The Magdalen

Written by Marita Conlon-McKenna
Review by Ellen Keith

How awful would it be to be an unwed mother in Ireland in the 1950s? According to Marita Conlon-McKenna, it would be awful indeed. Esther Doyle is the oldest daughter in a predictably large, poor, Catholic family in Connemara. She finds escape from her role as family nanny, cook, and maid through a romance that any avid reader could tell her would go wrong after the first kiss. Pregnant, abandoned by her lover, castigated by her family, she is sent to Dublin to work in the Magdalen laundry run by nuns, staffed by unwed pregnant women. The women in the laundry are treated as badly as its namesake, doing back-breaking work and constantly reminded by the nuns of their sins. The courtesy usually afforded to pregnant women certainly does not extend to them.
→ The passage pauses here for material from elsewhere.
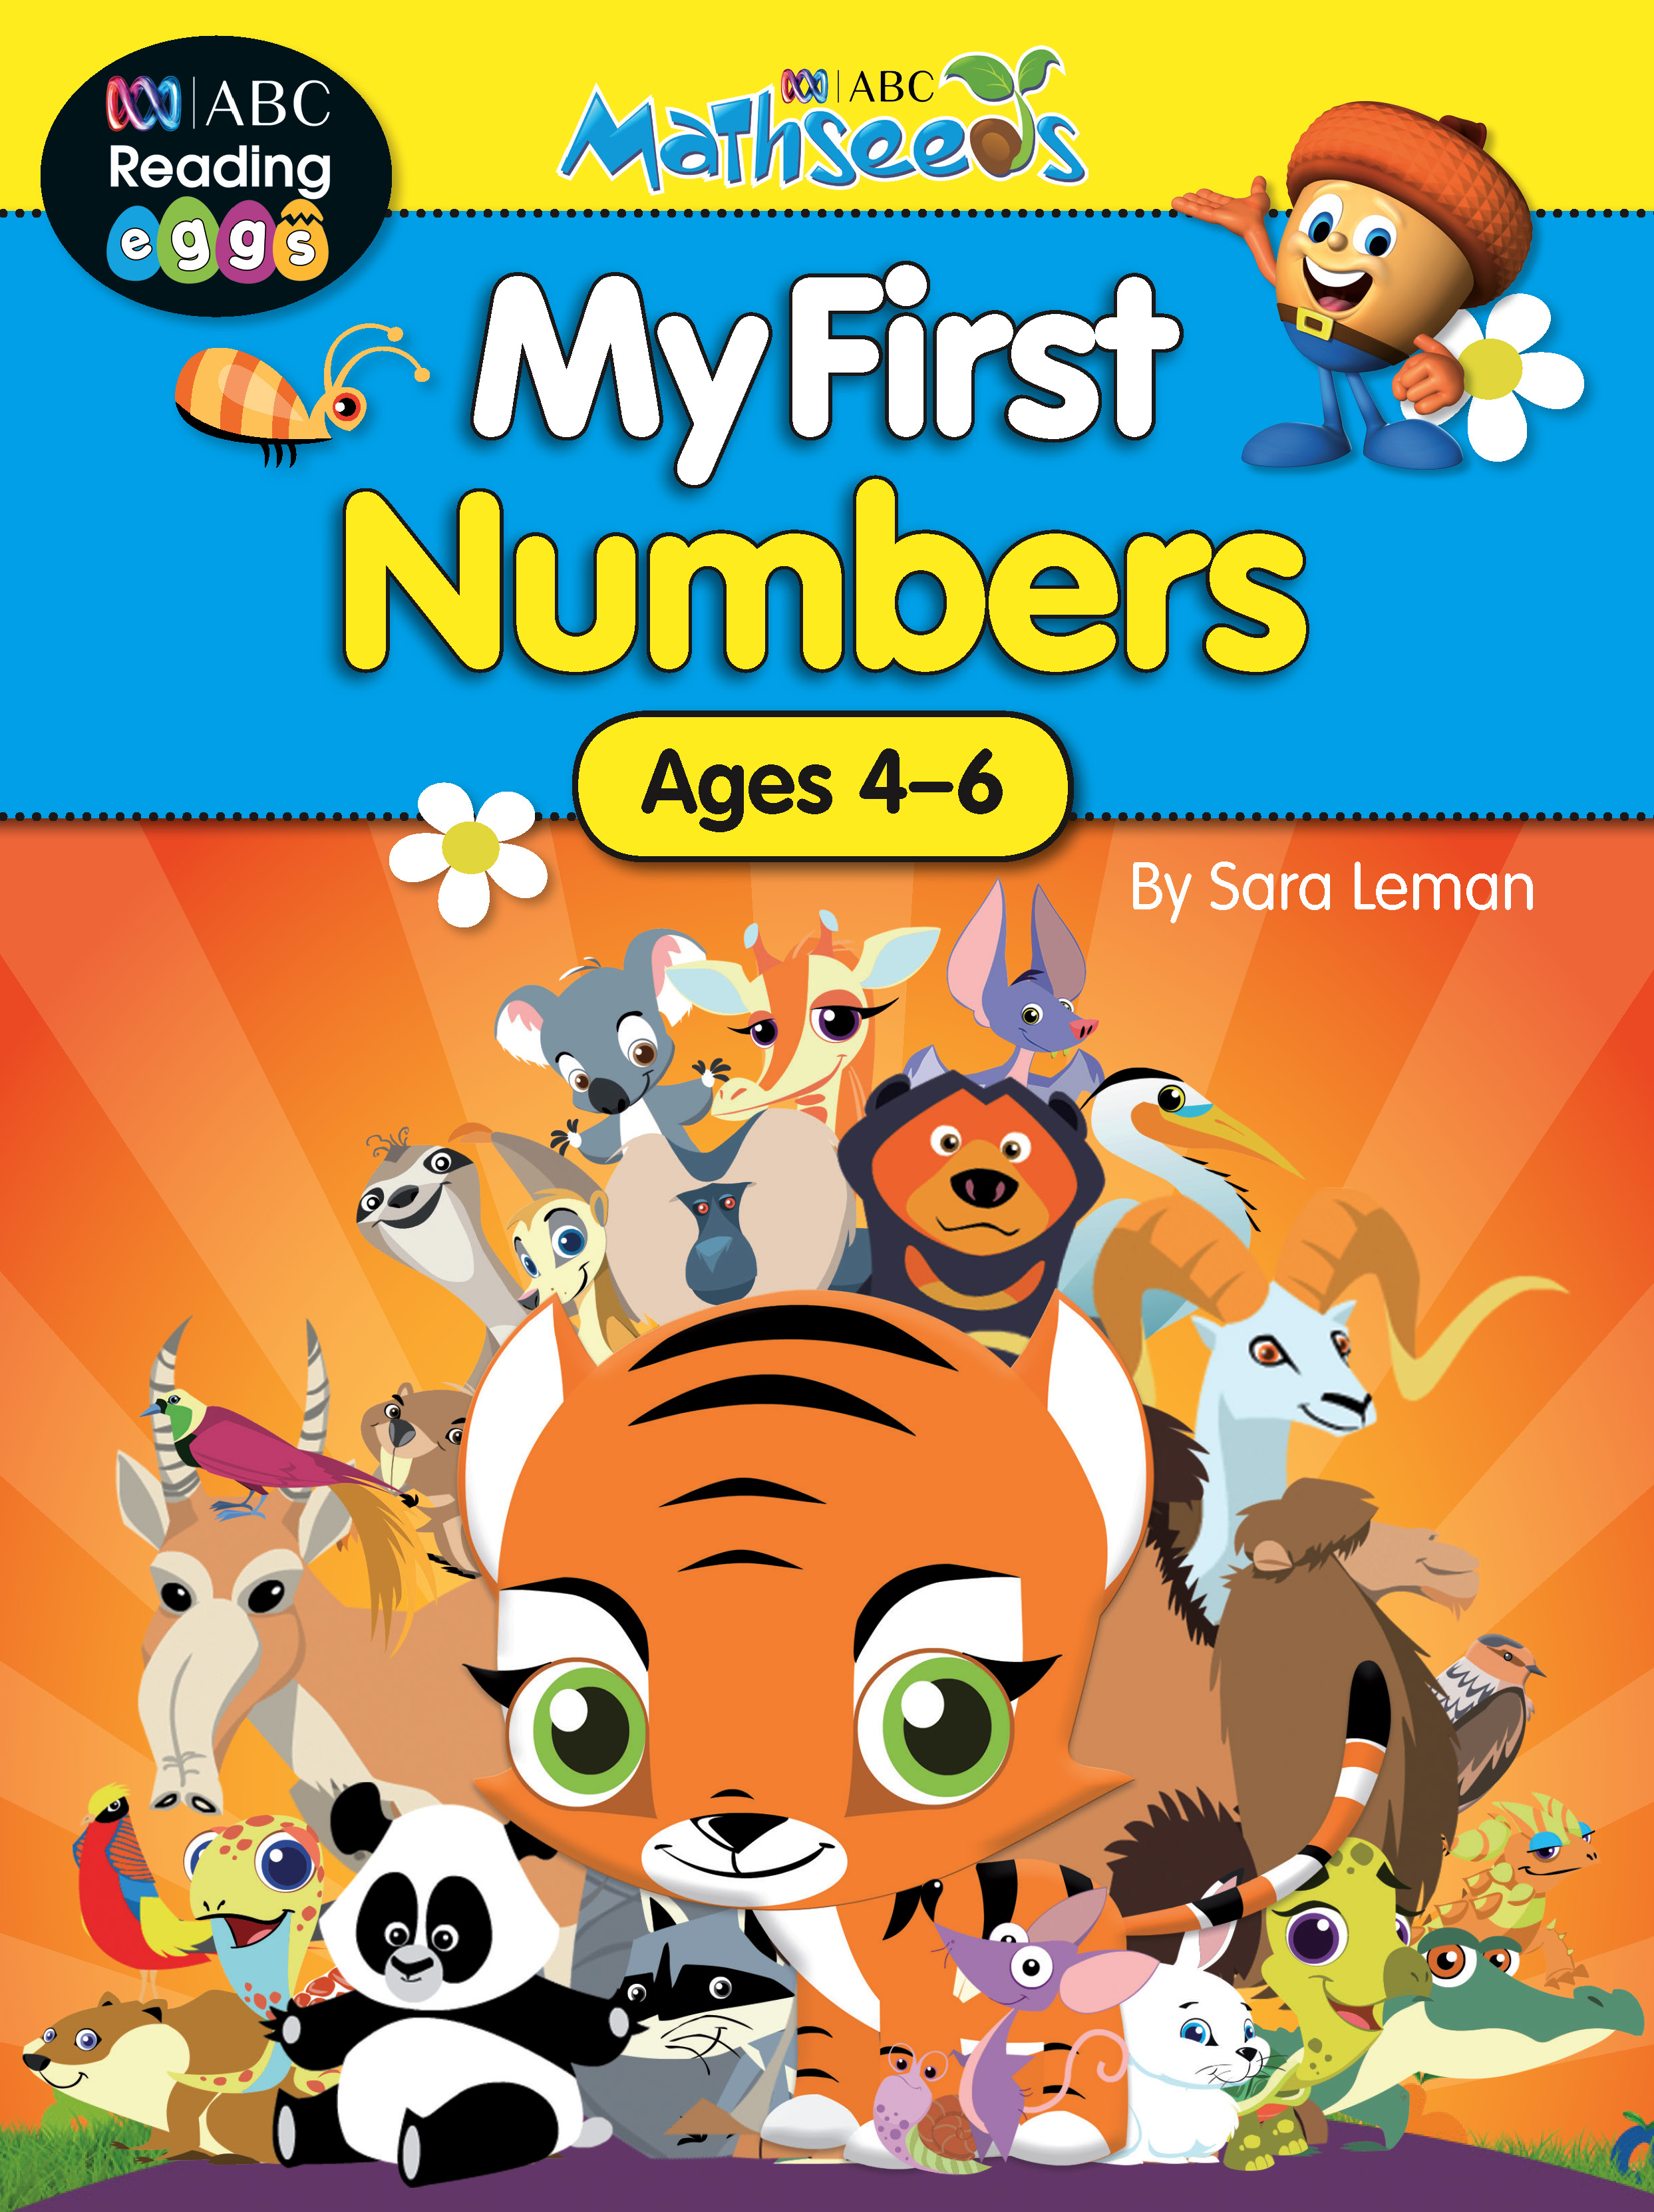 Picture of ABC Mathseeds My First Numbers Activity Book

Esther is treated as a pariah by her family and labeled as an unfit mother by the nuns. Obviously, any woman who could use a wayback machine would not want to be in Esther’s shoes. Although Conlon-McKenna comes close to cliché—to be pregnant and unmarried in Catholic Ireland is a fate worse than death—the story rings true with the varying tales of the other women in the laundry and the struggle between their reality and their religion. I put this book down in a somber frame of mind, relieved to be living in the present and also sure that this had actually happened to countless women in Ireland.